EXERCISE DETAILS ▸
Reproduce all of the data below without alteration; exclude every picture.

DATA SEGMENT ▸
------

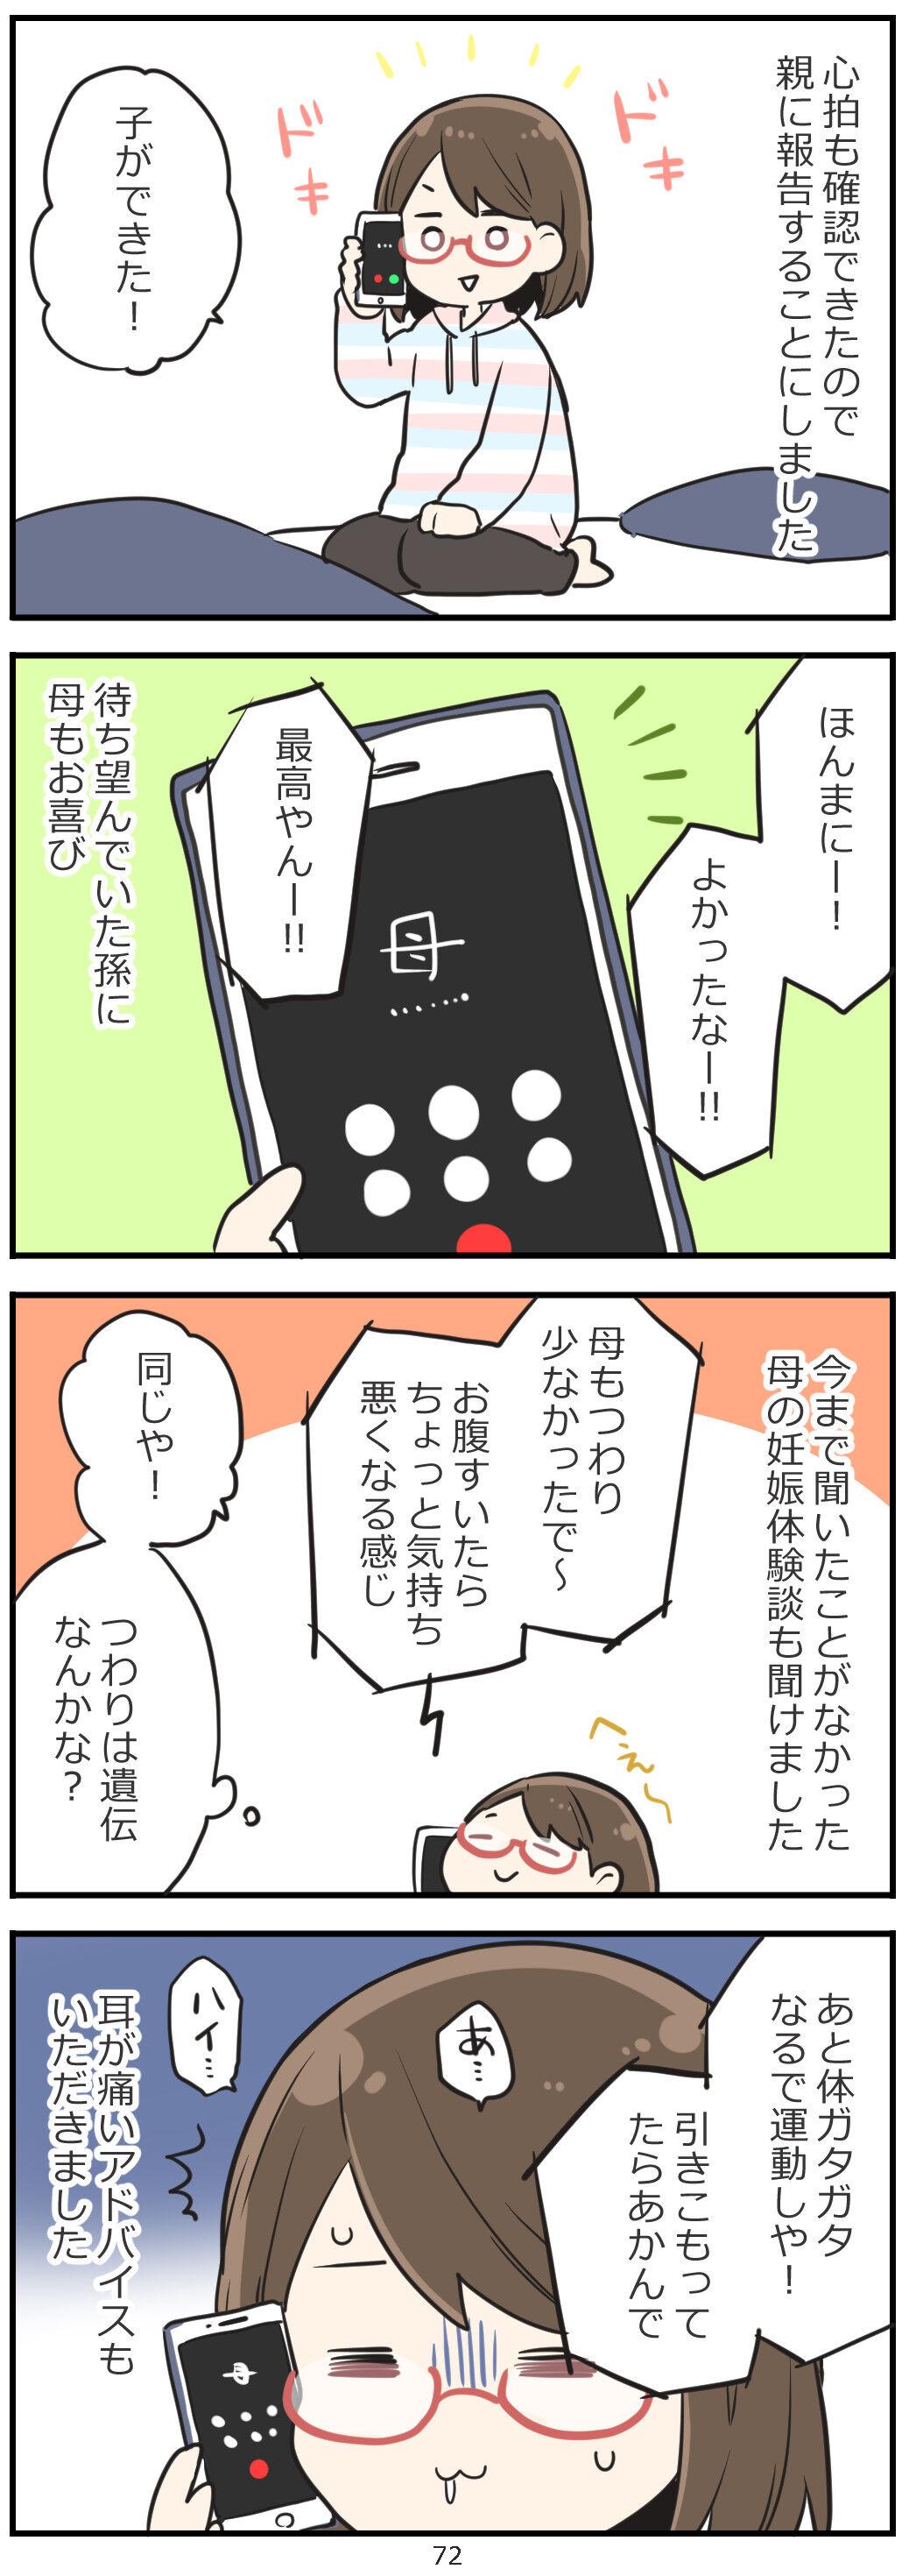 「妊活レベル1 まっふの冒険記」第72話
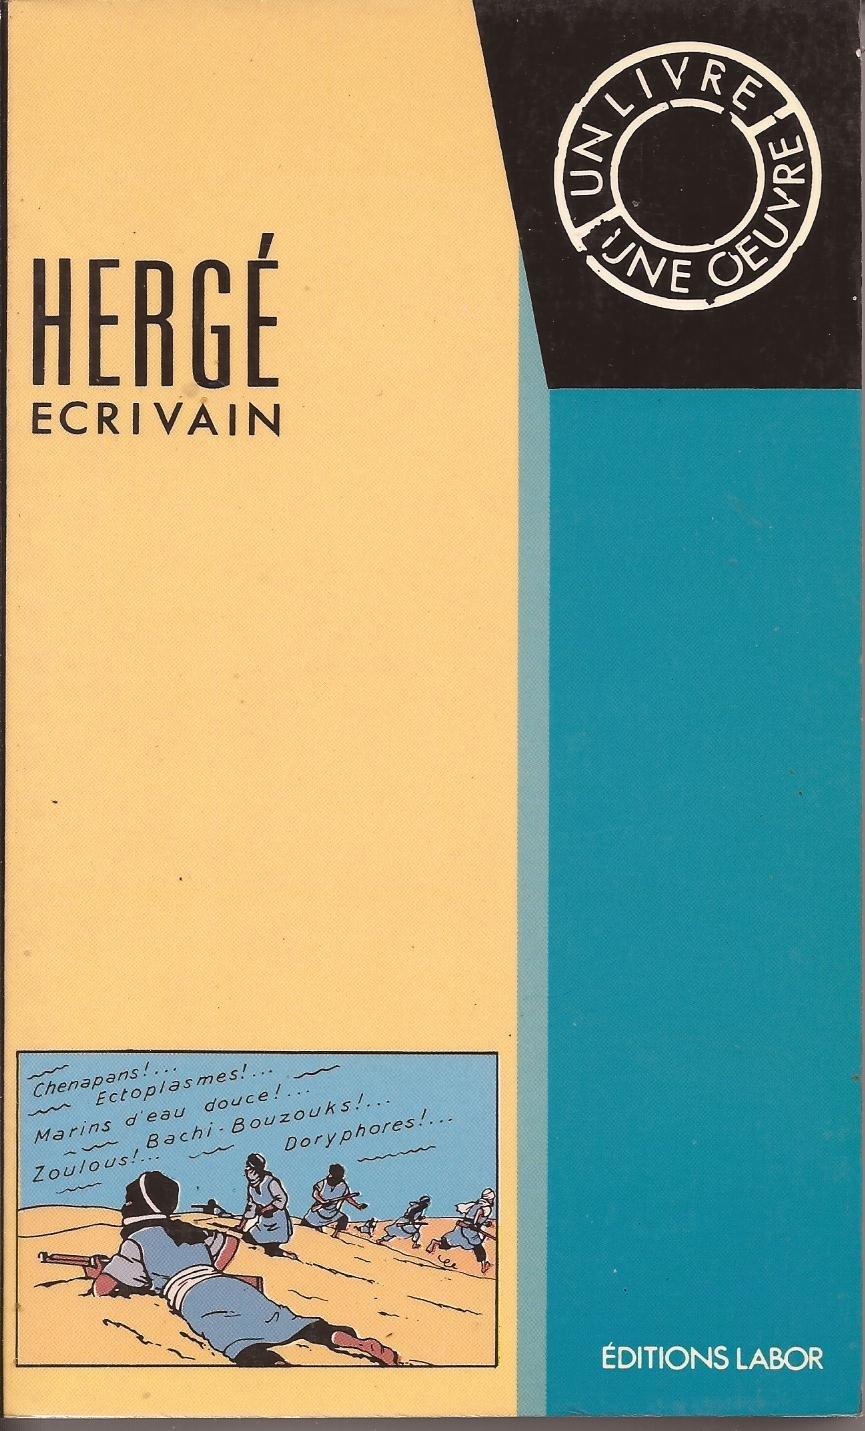 Hergé écrivain
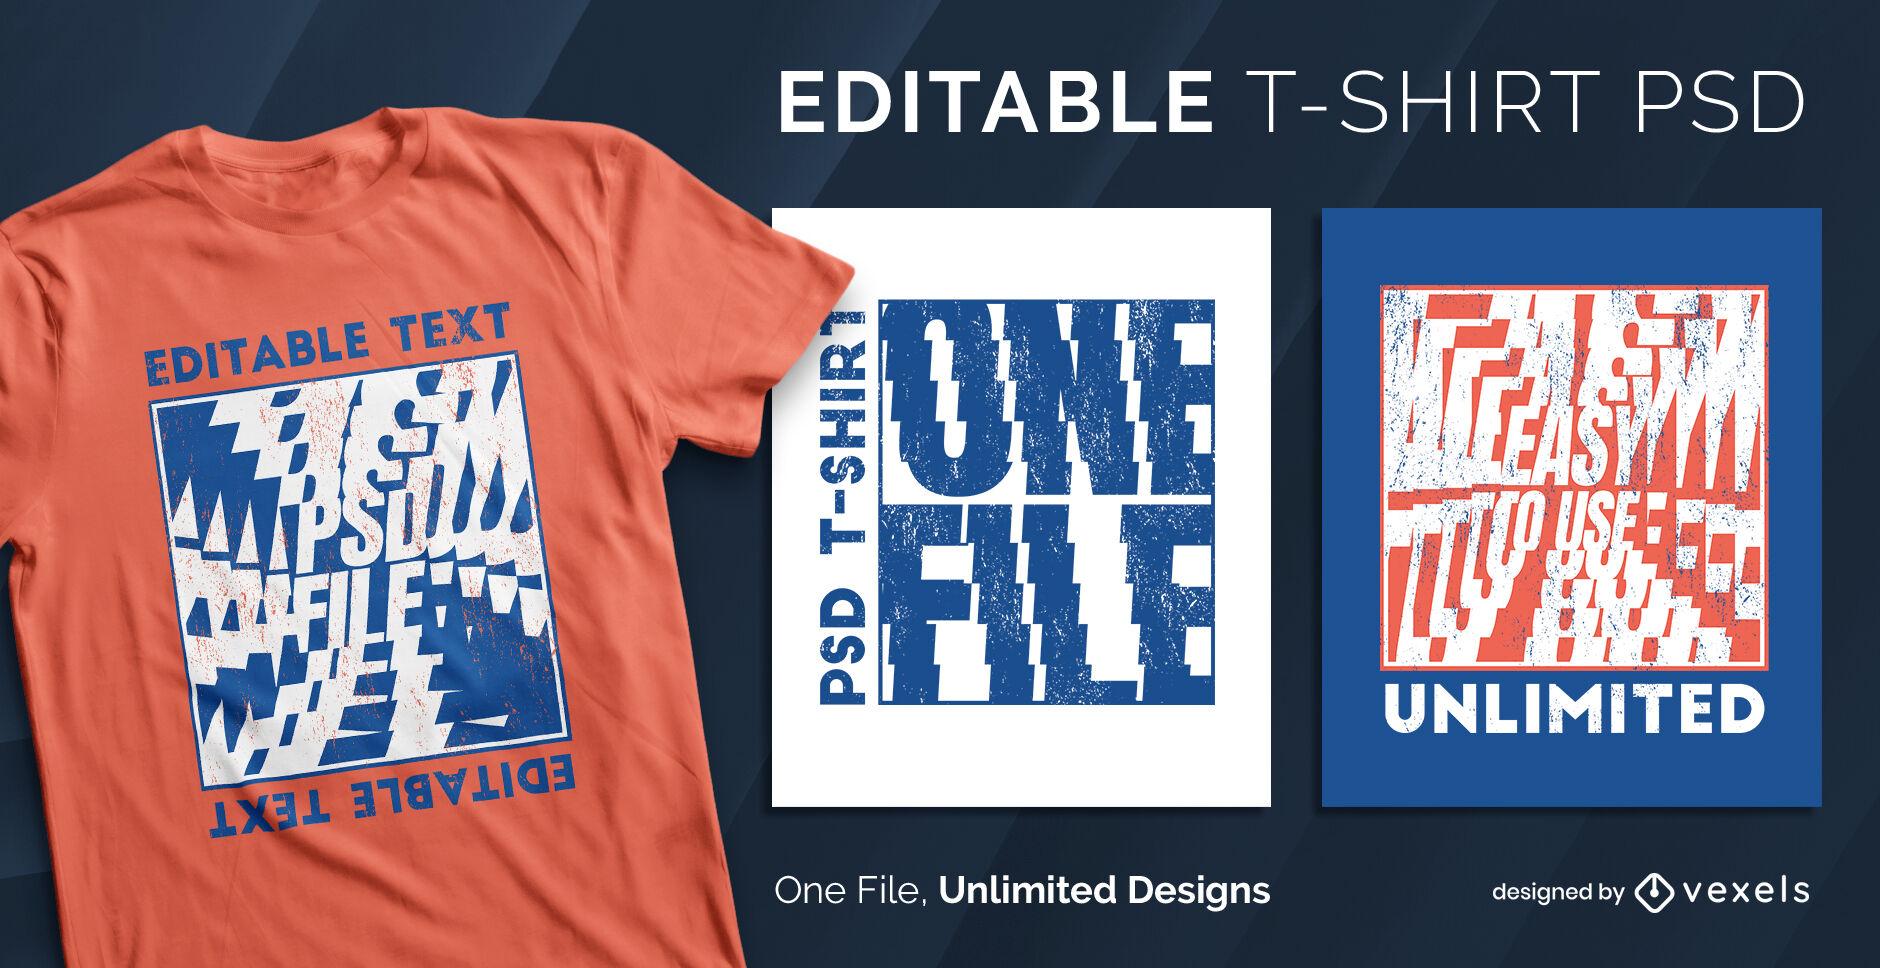 Text spiral effect scalable psd t-shirt template

------

ANSWER TO THE EXERCISE ▸
 「妊活レベル1 まっふの冒険記」第72話
 Hergé écrivain
 Text spiral effect scalable psd t-shirt template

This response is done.